The Declarative KubeVirt Virtualization API

While a KubeVirt virtual machine runs within a pod, that doesn’t change the fact that people working with virtual machines have a different set of expectations for how virtual machines should work compared to how pods are managed.

Here’s the conflict.

Pods are mortal workloads. A pod is declared by posting it’s manifest to the cluster, the pod runs once to completion, and that’s it. It’s done.

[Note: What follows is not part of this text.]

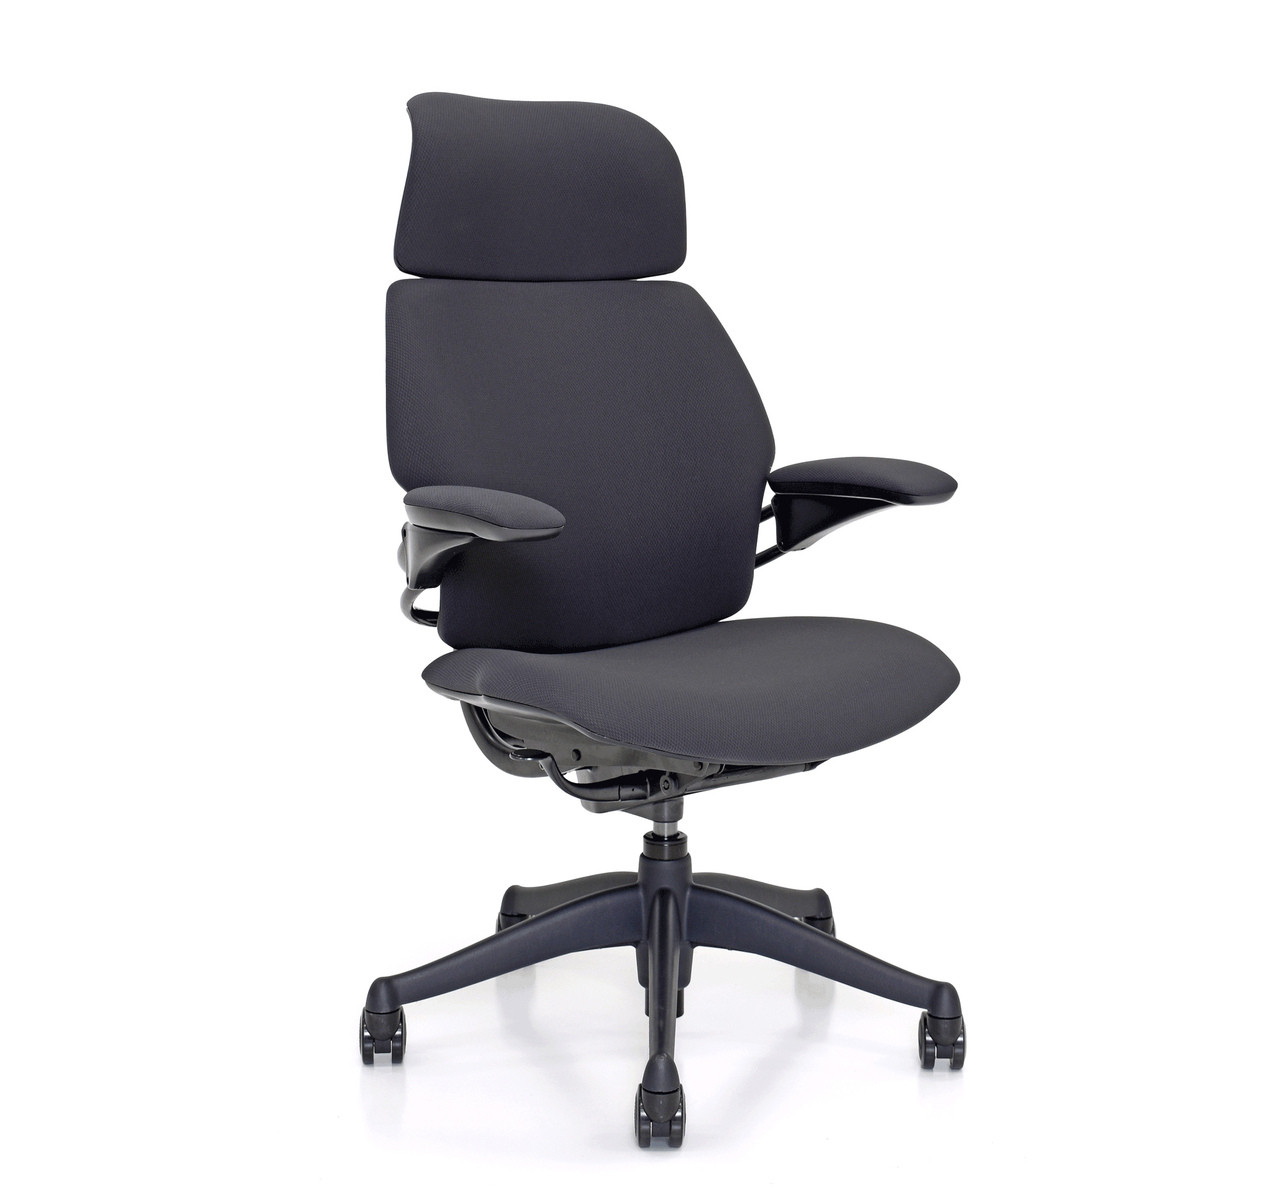 Can I get some feedback on seat comfort for the Humanscale Freedom

Virtual machines are immortal workloads. A virtual machine doesn’t just run once to completion. Virtual machines have state. They can be started, stopped, and restarted any number of times. Virtual machines have concepts like live migration as well. Furthermore if the node a virtual machine is running on dies, the expectation is for that exact same virtual machine to resurrect on another node maintaining its state.

So, pods run once and virtual machines live forever. How do we reconcile the two? Our solution came from taking a play directly out of the Kubernetes playbook.

The Kubernetes core apis have this concept of layering objects on top of one another through the use of workload controllers. For example, the Kubernetes ReplicaSet is a workload controller layered on top of pods. The ReplicaSet controller manages ensuring that there are always ‘x’ number of pod replicas running within the cluster. If a ReplicaSet object declares that 5 pod replicas should be running, but a node dies bringing that total to 4, then the ReplicaSet workload controller manages spinning up a 5th pod in order to meet the declared replica count. The workload controller is always reconciling on the ReplicaSet objects desired state.

Using this established Kubernetes pattern of layering objects on top of one another, we came up with our own virtualization specific API and corresponding workload controller called a “VirtualMachine” (big surprise there on the name, right?). Users declare a VirtualMachine object just like they would a pod by posting the VirtualMachine object’s manifest to the cluster. The big difference here that deviates from how pods are managed is that we allow VirtualMachine objects to be declared to exist in different states. For example, you can declare you want to “start” a virtual machine by setting “running: true” on the VirtualMachine object’s spec. Likewise you can declare you want to “stop” a virtual machine by setting “running: false” on the VirtualMachine object’s spec. Behind the scenes, setting the “running” field to true or false results in the workload controller creating or deleting a pod for the virtual machine to live in.

In the end, we essentially created the concept of an immortal VirtualMachine by laying our own custom API on top of mortal pods. Our API and controller knows how to resurrect a “stopped” VirtualMachine by constructing a pod with all the right network, storage volumes, cpu, and memory attached to in order to accurately bring the VirtualMachine back to life with the exact same state it stopped with.